Given information below:

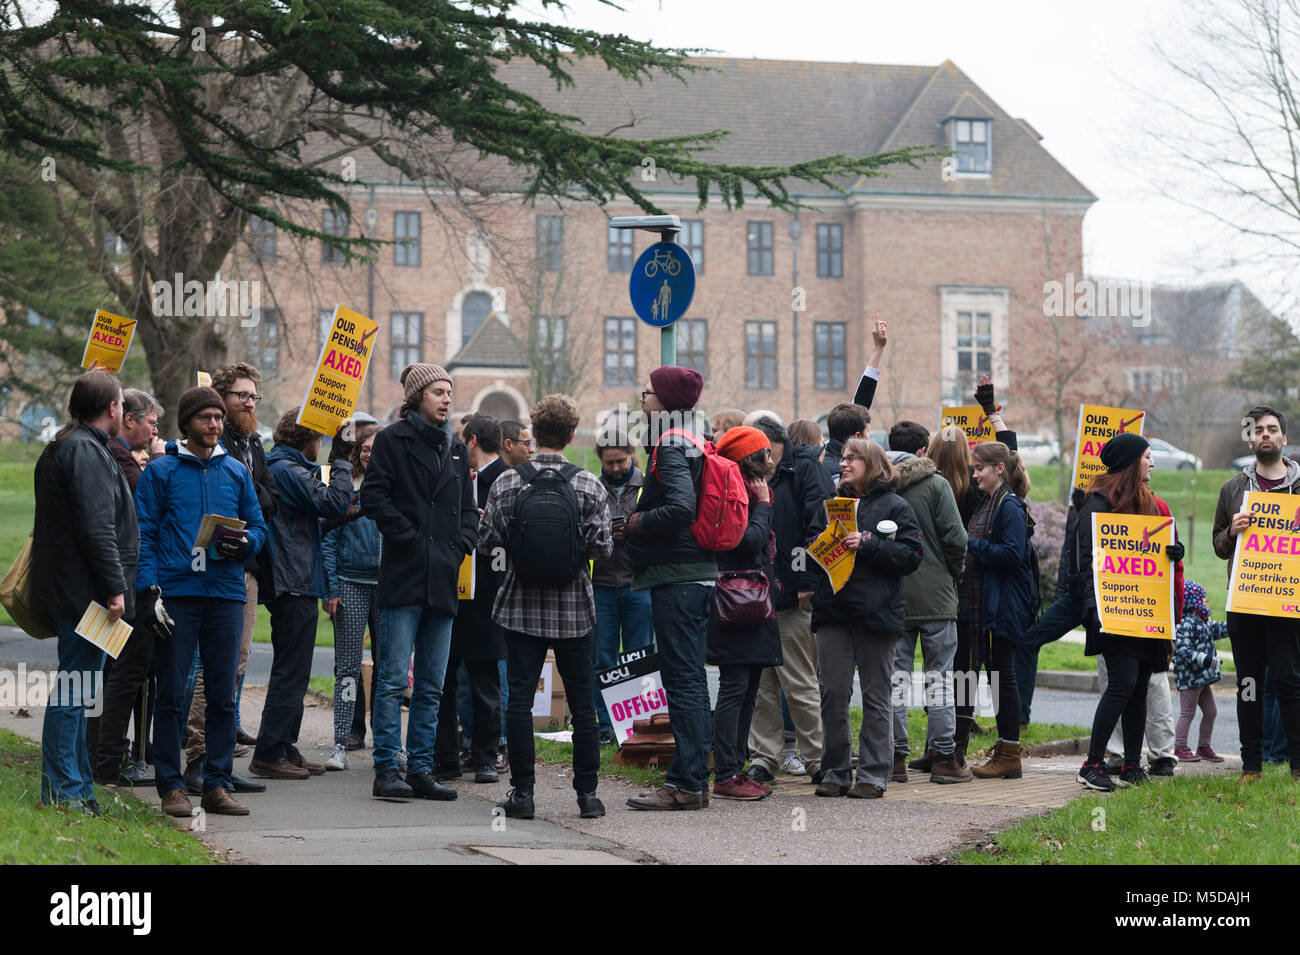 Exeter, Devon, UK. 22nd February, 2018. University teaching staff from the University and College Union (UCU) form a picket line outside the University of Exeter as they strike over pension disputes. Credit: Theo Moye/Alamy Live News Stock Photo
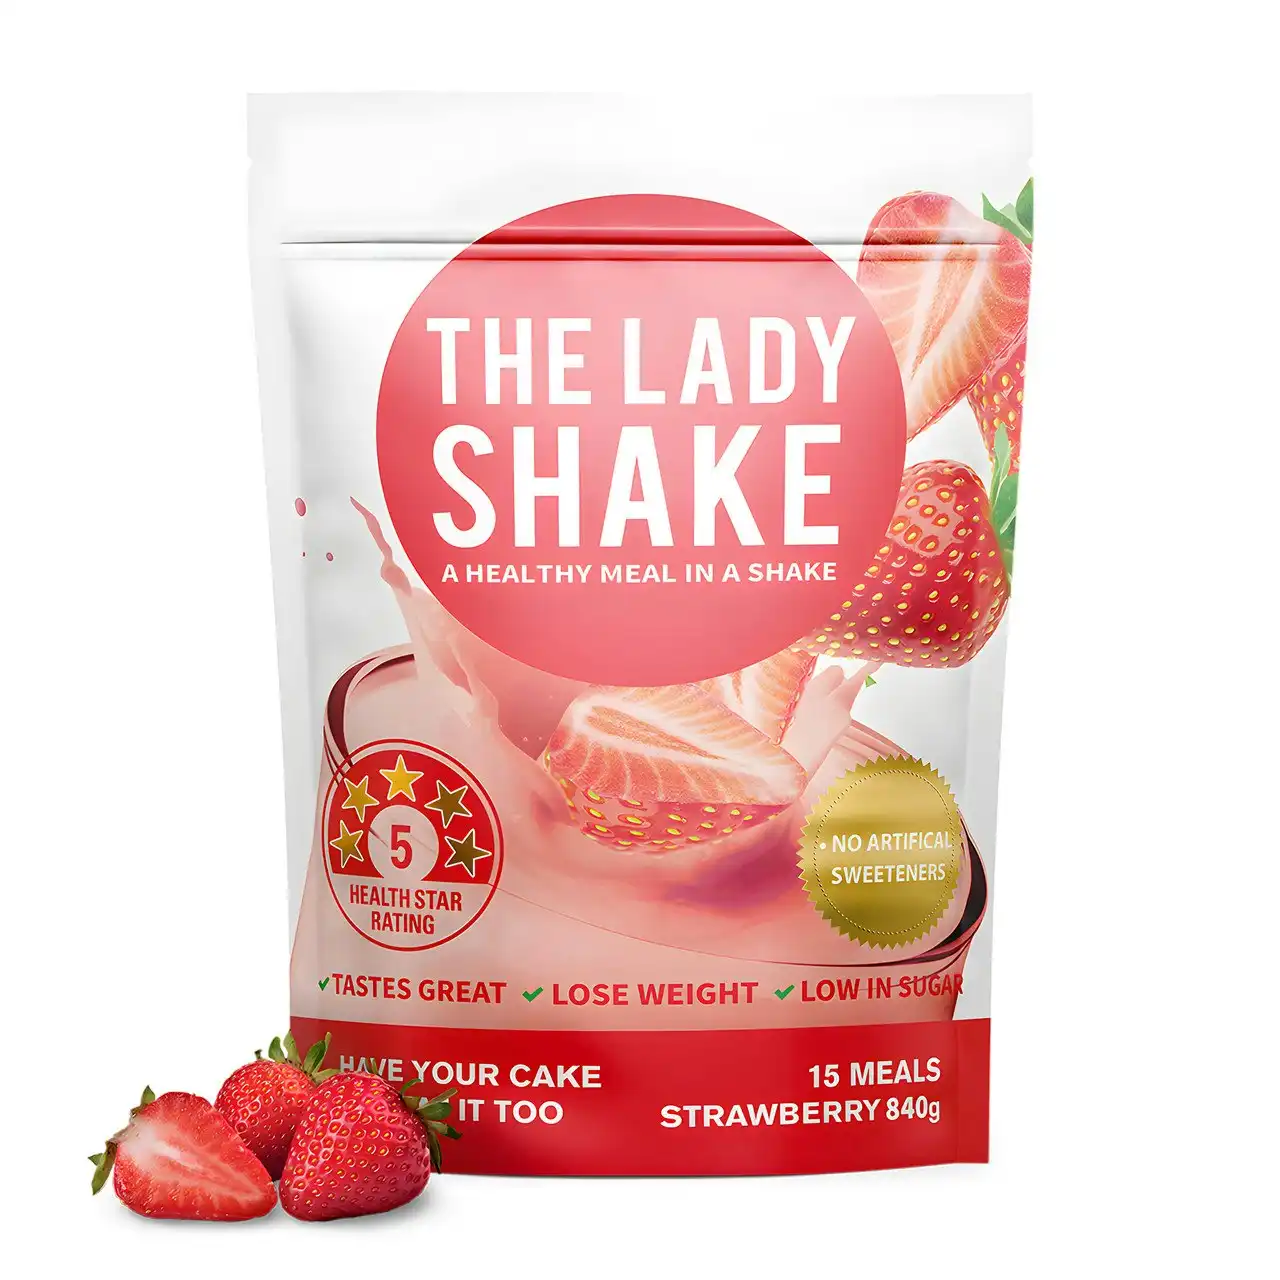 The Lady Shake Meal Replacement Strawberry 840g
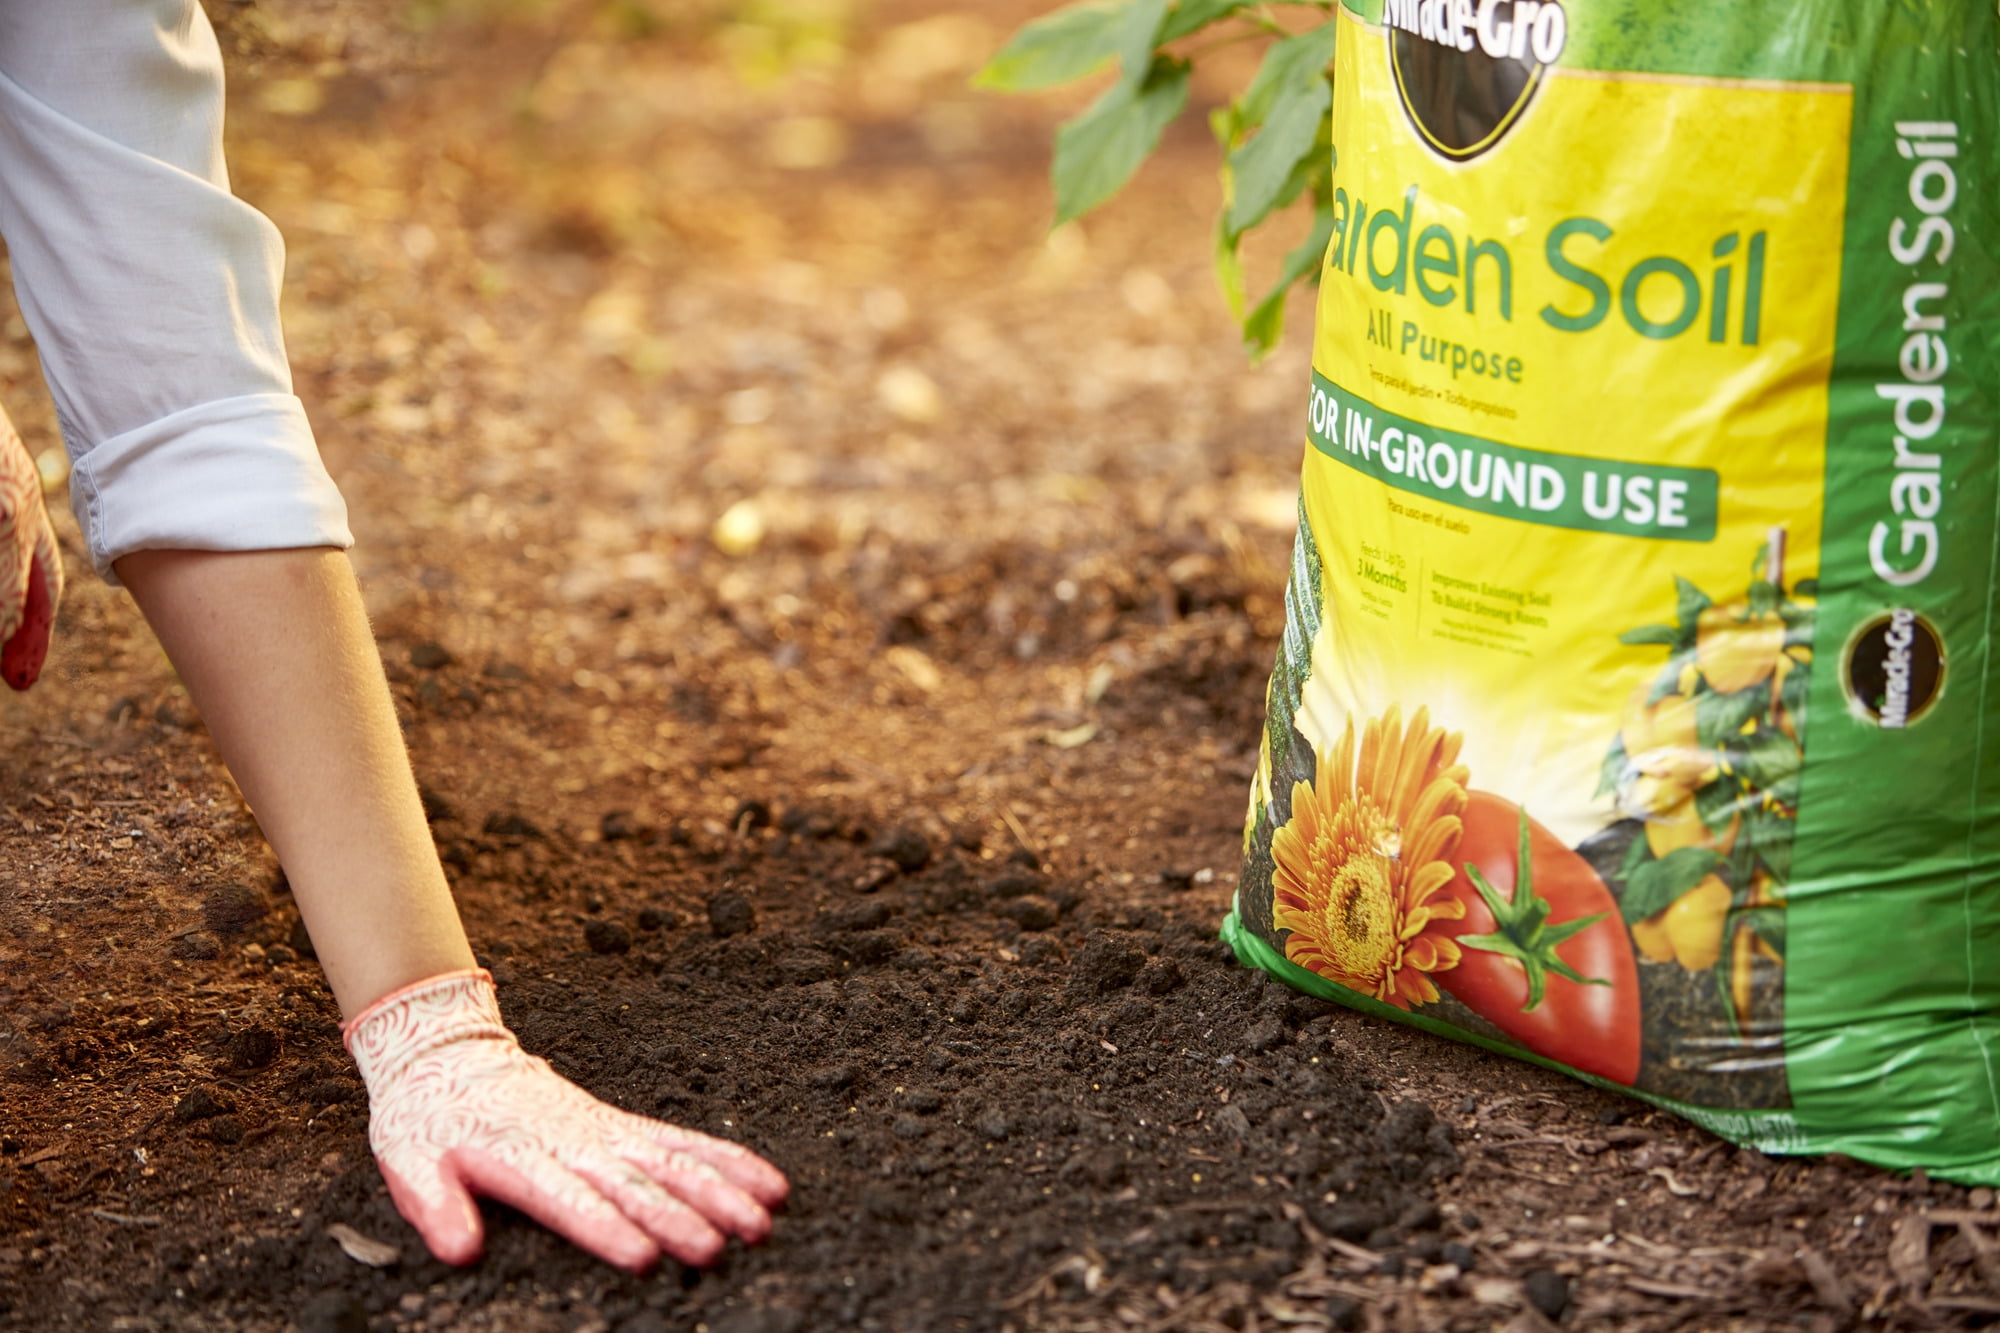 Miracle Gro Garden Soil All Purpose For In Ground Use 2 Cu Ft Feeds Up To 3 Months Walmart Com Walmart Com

End of Given information.

▸ Your instructions:
Reproduce the listing exactly. The pictures are to be omitted.

▸ Answer section:
 Exeter, Devon, UK. 22nd February, 2018. University teaching staff from the University and College Union (UCU) form a picket line outside the University of Exeter as they strike over pension disputes. Credit: Theo Moye/Alamy Live News Stock Photo
 The Lady Shake Meal Replacement Strawberry 840g
 Miracle Gro Garden Soil All Purpose For In Ground Use 2 Cu Ft Feeds Up To 3 Months Walmart Com Walmart Com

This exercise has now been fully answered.